Create and upload `model.tar.gz` to our sagemaker session bucket.

In [None]:
%%sh

mkdir -p model
rm -rf model/*

# copy the custom inference script into the working directory
cp -rp ../python/code/* model/

rm -f model.tar.gz
tar --exclude "*/.ipynb_checkpoints*" -czvf model.tar.gz model/
tar -tvf model.tar.gz

model/
model/model.py
model/serving.properties
drwxr-xr-x sagemaker-user/users 0 2025-01-27 02:06 model/
-rw-r--r-- sagemaker-user/users 3944 2025-01-27 02:06 model/model.py
-rw-r--r-- sagemaker-user/users  123 2025-01-27 02:06 model/serving.properties


In [None]:
model_name = 'deepseek-ai/DeepSeek-R1-Distill-Qwen-14B'

base_name = model_name.split('/')[-1].replace('.', '-').lower()
base_name

In [None]:
from sagemaker.s3 import S3Uploader

# upload model.tar.gz to s3
s3_model_uri = S3Uploader.upload(
    local_path="./model.tar.gz",
    desired_s3_uri=f"s3://{bucket}/{base_name}"
)

print(f"S3 Code or Model tar ball uploaded to:\n{s3_model_uri}")

In [None]:
!aws s3 ls {s3_model_uri}

## Deploy `DeepSeek-R1-Distill-Qwen-14B` model to SageMaker Real-time Endpoint

In [None]:
from sagemaker import image_uris

image_uri = image_uris.retrieve(
    framework="djl-lmi",
    region=aws_region,
    version="0.30.0",
    py_version="py311"
)

image_uri

In [None]:
import sagemaker
from sagemaker import Model
from sagemaker.utils import name_from_base

sm_model_name = name_from_base(base_name, short=True).lower()
role = sagemaker.get_execution_role()

model = Model(
    name=sm_model_name,
    image_uri=image_uri,
    model_data=s3_model_uri,
    role=role
)

In [None]:
%%time

from sagemaker.serializers import JSONSerializer
from sagemaker.deserializers import JSONDeserializer
from sagemaker.utils import name_from_base

endpoint_name = name_from_base(base_name, short=True).lower()
instance_type = 'ml.g5.12xlarge'

_predictor = model.deploy(
    endpoint_name=endpoint_name,
    initial_instance_count=1,
    instance_type=instance_type,
    serializer=JSONSerializer(),
    deserializer=JSONDeserializer()
)

# Create a Predictor with SageMaker Endpoint name

In [None]:
from sagemaker import Predictor
from sagemaker.serializers import JSONSerializer
from sagemaker.deserializers import JSONDeserializer

predictor = Predictor(
    endpoint_name=endpoint_name,
    serializer=JSONSerializer(),
    deserializer=JSONDeserializer()
)

# Run Inference

### Standard schema

In [None]:
from transformers import AutoTokenizer

tokenizer = AutoTokenizer.from_pretrained(model_name)

In [None]:
prompt = "Help me write a quick sort code.
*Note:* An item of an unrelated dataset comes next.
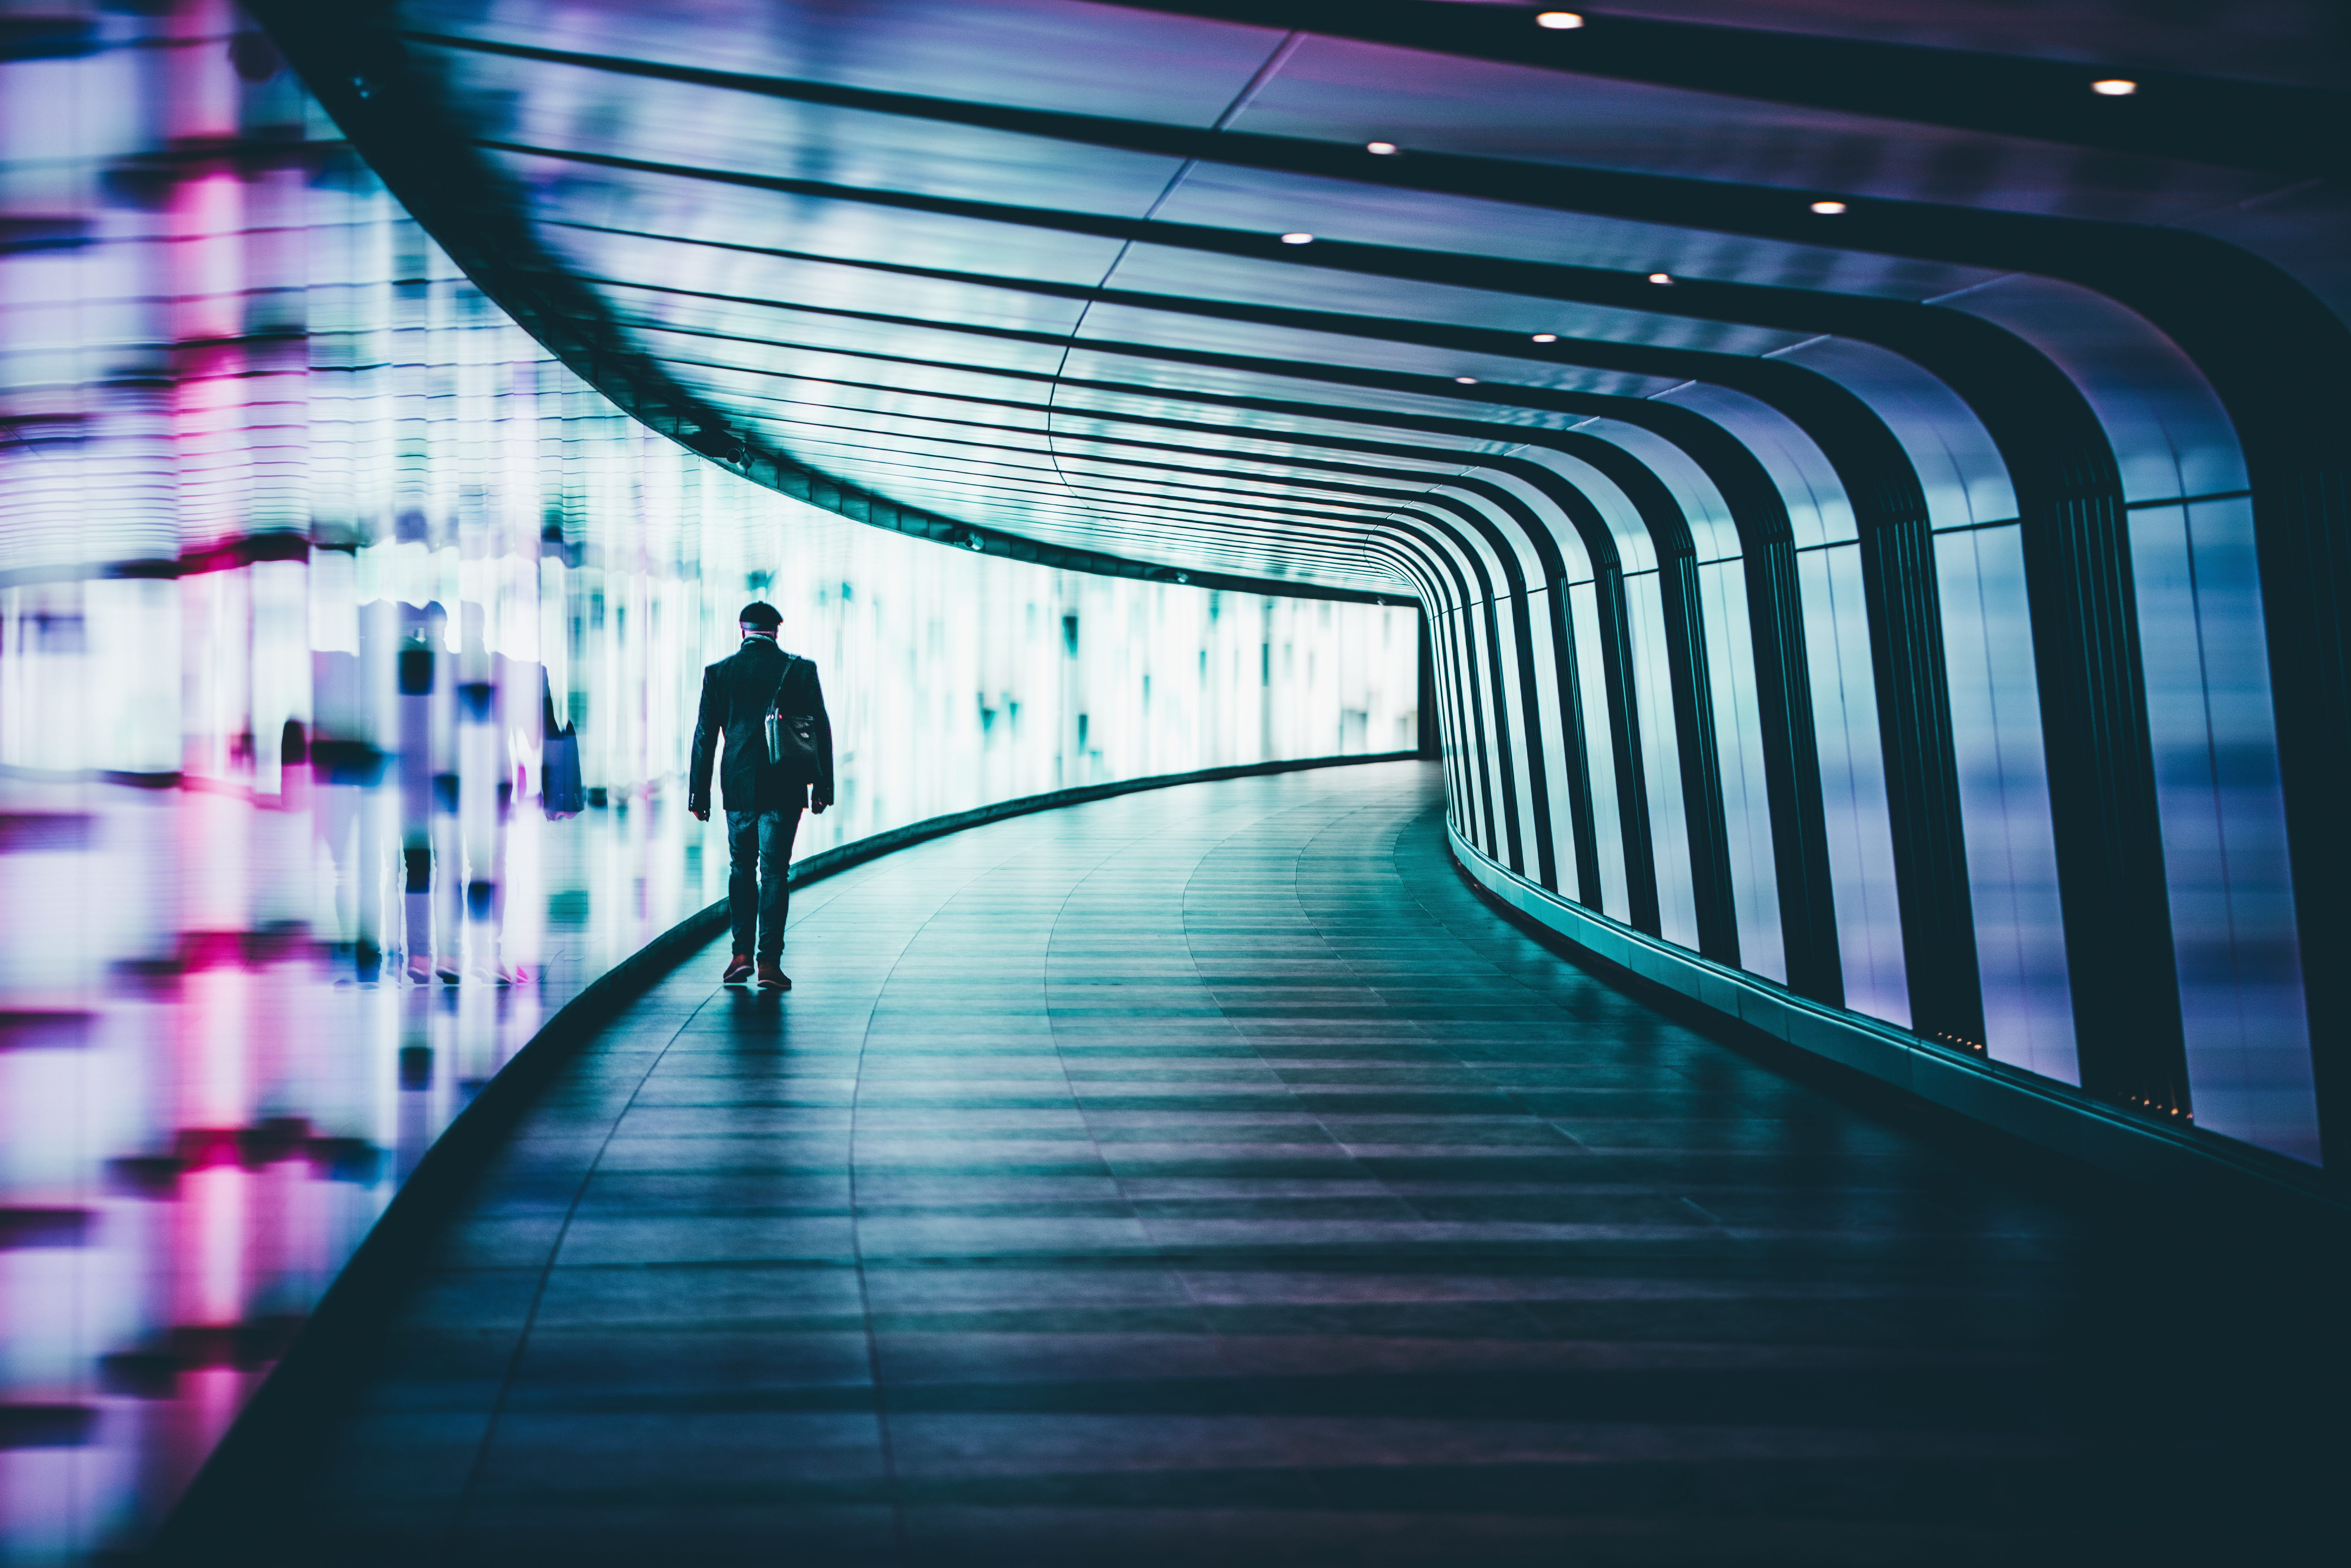 Man-walking-lights-unsplash

Please reason step by step, and put your final answer within \boxed{}."

messages = [
    {"role": "user", "content": prompt}
]

inputs = tokenizer.apply_chat_template(
    messages,
    tokenize=False,
    add_generation_prompt=True,
)

parameters = {
    "max_new_tokens": 1000,
}

response = predictor.predict(
    {"inputs": inputs, "parameters": parameters}
)

print(response["generated_text"])

Sure, I'd be happy to help you with that. Here's a quick step-by-step guide on how to write a quick sort code:


1. **Choose a pivot**: The pivot can be the first element, the last element, a random element, or the median. For simplicity, we'll choose the first element as the pivot.

2. **Partition the array**: Rearrange the array so that all elements with values less than the pivot come before the pivot, while all elements with values greater than the pivot come after it. After this step, the pivot is in its final position.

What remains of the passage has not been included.